This is not a counsel of despair. It is a counsel of honesty. The tools of sustainability — the three pillars, the frameworks, the certifications, the commitments — are necessary and valuable. But they are most valuable when pursued with clear eyes about the scale of the challenge they are part of addressing. Not the whole answer but a vital, urgent, and imperfect part of a much larger one.
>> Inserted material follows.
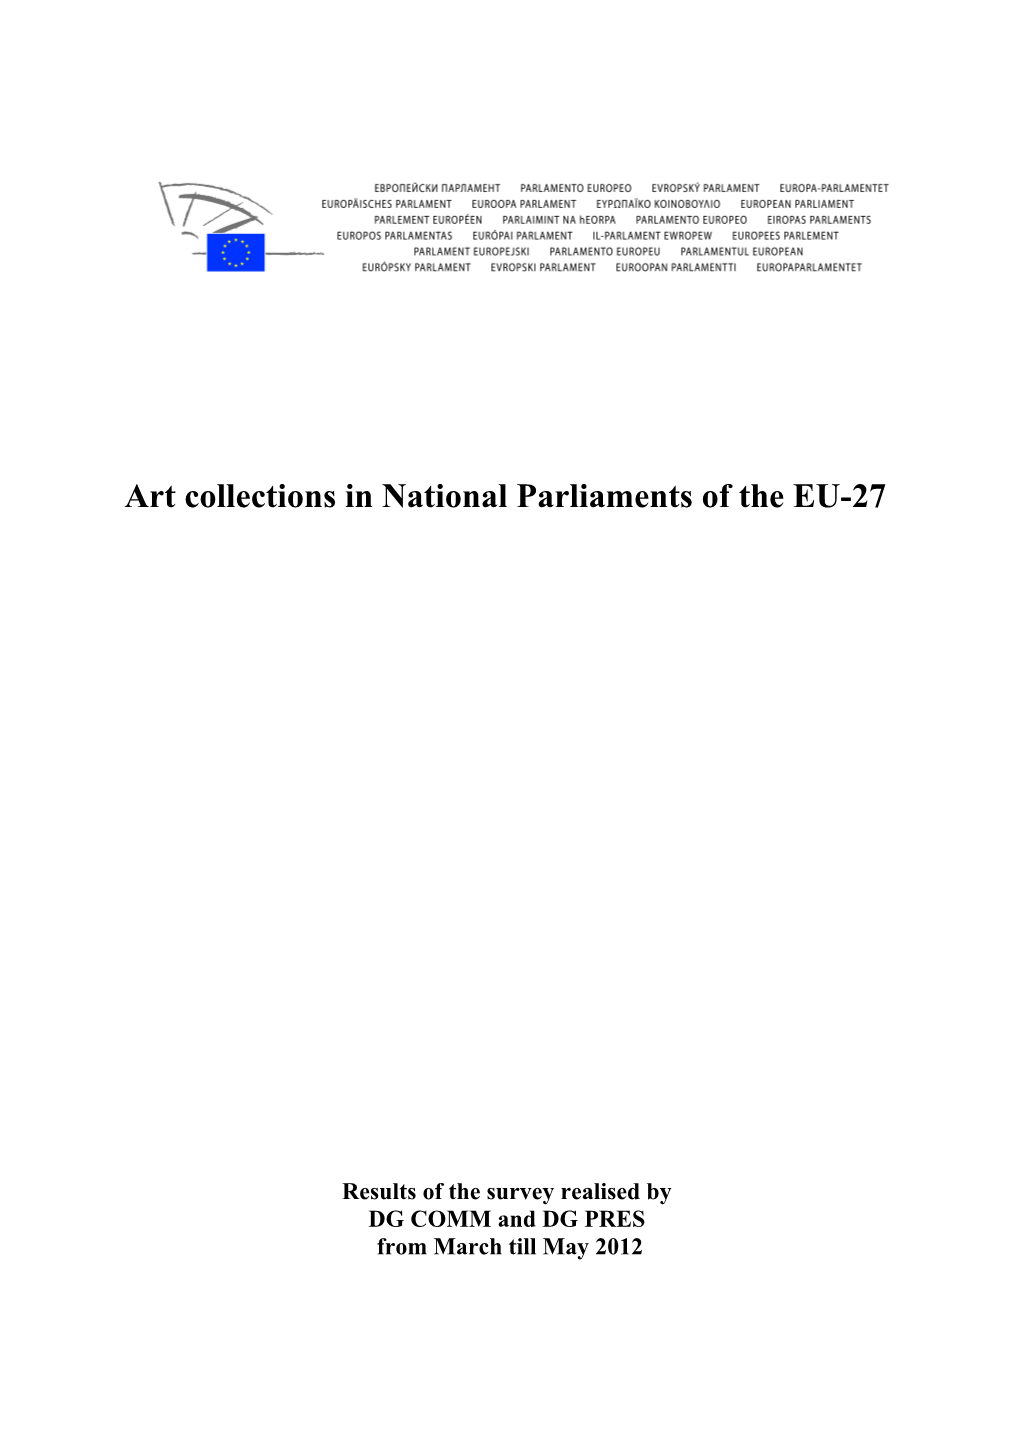 Art Collections in National Parliaments of the EU-27

The real measure of success
After four decades in this industry, here is what I believe: the most sustainable safari operations I have encountered are not always the most certified ones. They're the ones where the staff have been with the business for 15 years because they are paid fairly, treated with dignity, and given a future. They're the ones where the local community genuinely benefits, not through a token community fund, but through real employment, real training, and real economic participation. They're the ones where the owners are engaged not because it makes good content, but because they cannot imagine being anywhere else. They are, in other words, the ones where sustainability is not a goal to be achieved and certified. It is simply the way things are done.
That is the standard worth pursuing rather than an elusive Holy Grail, it's something rarer and more valuable - a way of doing business in wild Africa that is honest about its limitations, exceptional within its constraints, and genuinely, durably committed to the people, the communities, and the landscapes it depends on.
That, I would argue, is sustainability worth celebrating.